Buzz Aldrin taking his first steps to the Moon. NASA/The Apollo Project
Buzz Aldrin taking his first steps to the Moon.

Modern astronomical instruments rely upon digital sensors. Images are gathered through CCDs, which can be manipulated to create wonderfully brilliant images. But it wasn’t that long ago that images still required photographic film. Then, the only way we could gather images from space was to physically transport the film into space and somehow get it back. Like family trips of the day you took photographs hoping they would turn out, and wait to develop them when you got home. This was true of our trips to the Moon and the images astronauts brought home.
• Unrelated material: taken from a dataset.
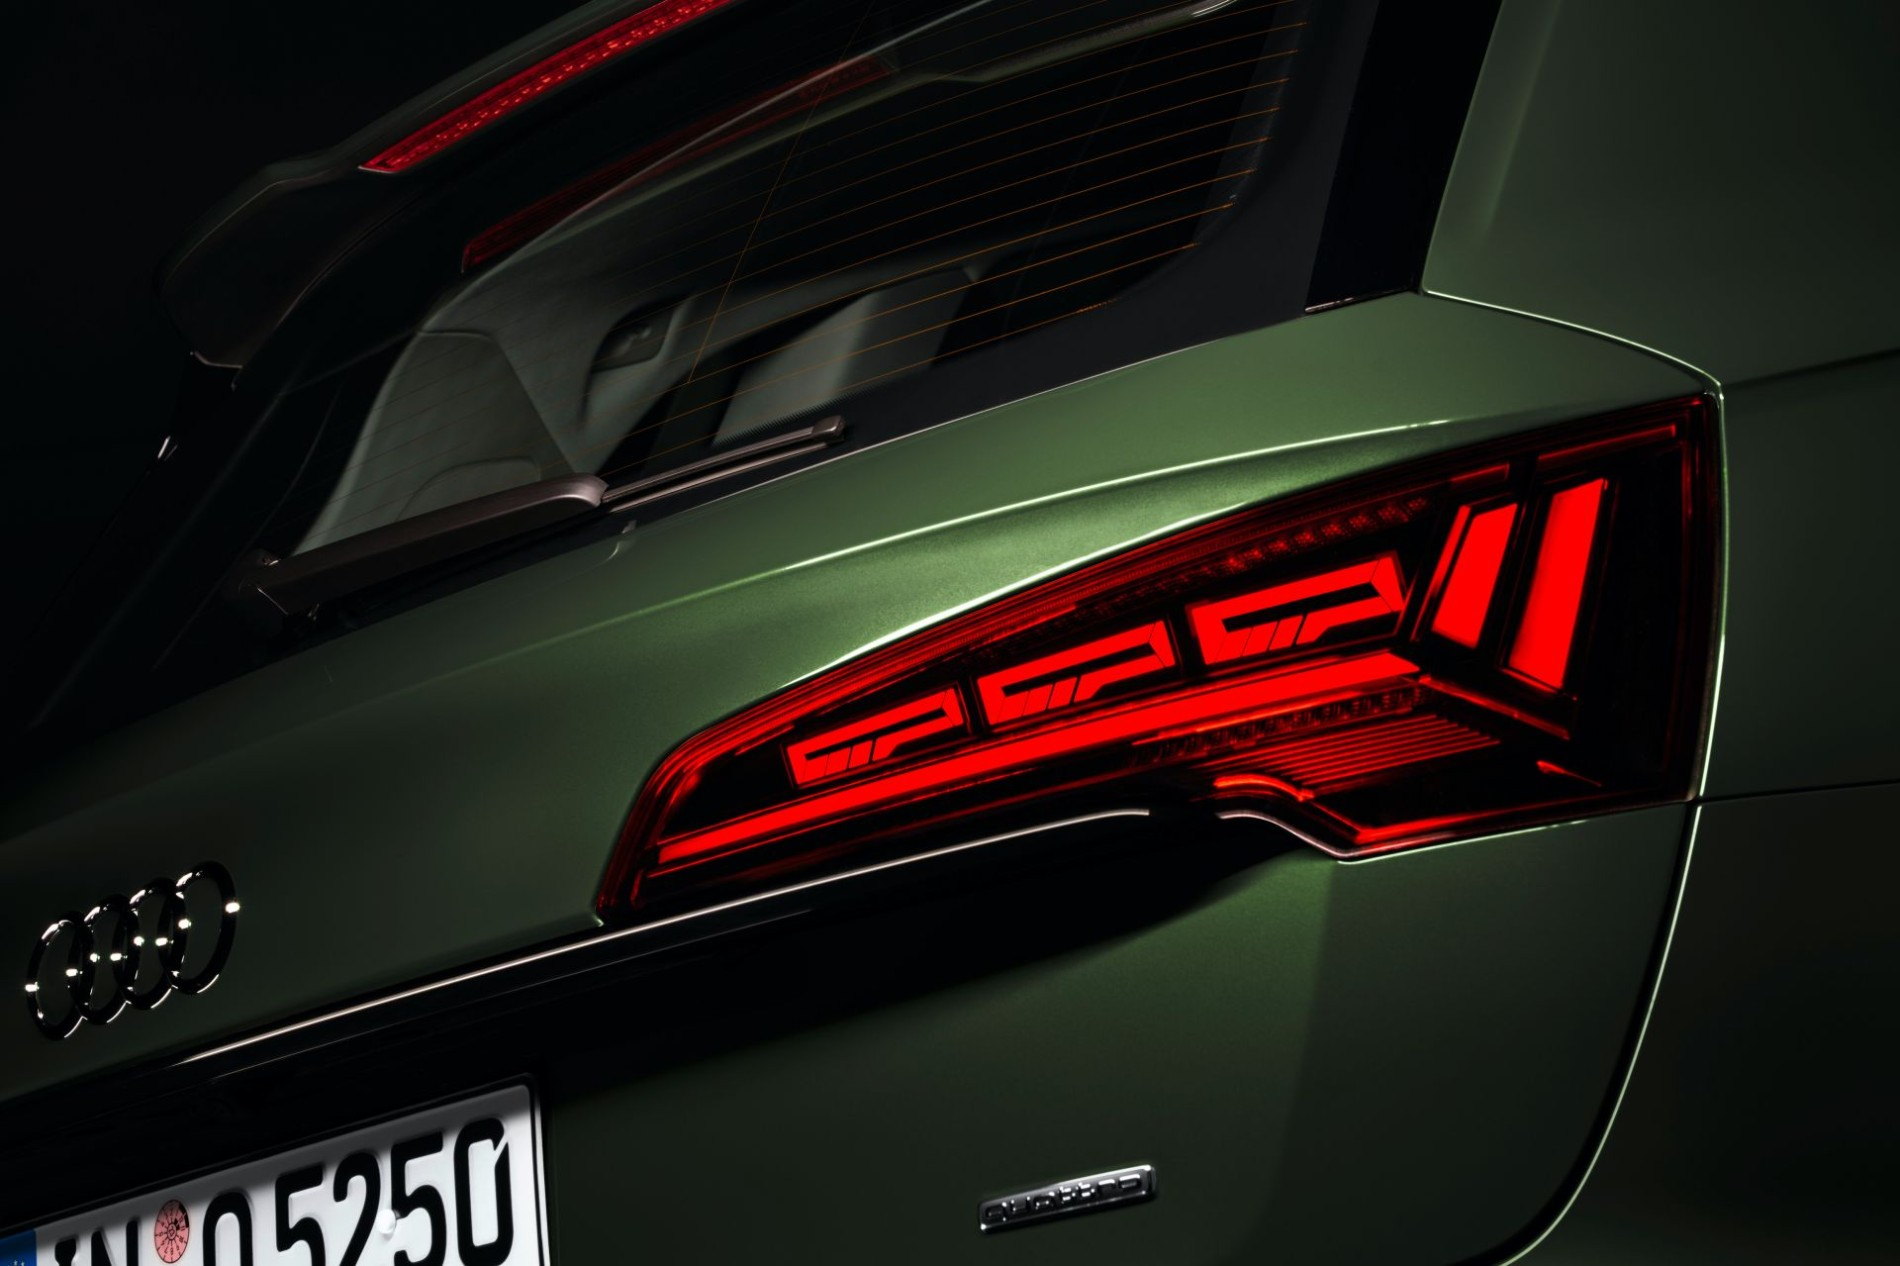 Audi Q5 facelift - Audi Q5 facelift

A vacation picture from Apollo 17. NASA/The Apollo Project
A vacation picture from Apollo 17.

Like many photographs of old, they tended to be stored away and not often looked at. To bring an old photo to the modern age you have to scan a digital copy. Most of the digital copies are of small resolution, since that’s all you need for most purposes. But recently The Apollo Project has posted high resolution scans of images from the Moon missions. By and large they are raw scans, and haven’t been color corrected or modified.

What’s striking about them is how they have the feel of old vacation photographs. The kind you might find in your parent’s shoebox, or you might remember from your own trips. In a very real sense that’s what they are. The cameras were more expensive than your usual Polaroids, and the trip was out of this world, but they were still the record of a human vacation. So along with images of great views there are pictures of friends, selfie photos of your own shadow, and little things here and there that seemed interesting at the time.

If you have a chance its worth looking through the Apollo Project images. Sure, they’re a great archive of one of humanity’s greatest journeys, but they also convey just how deeply human our first vacations into space really were.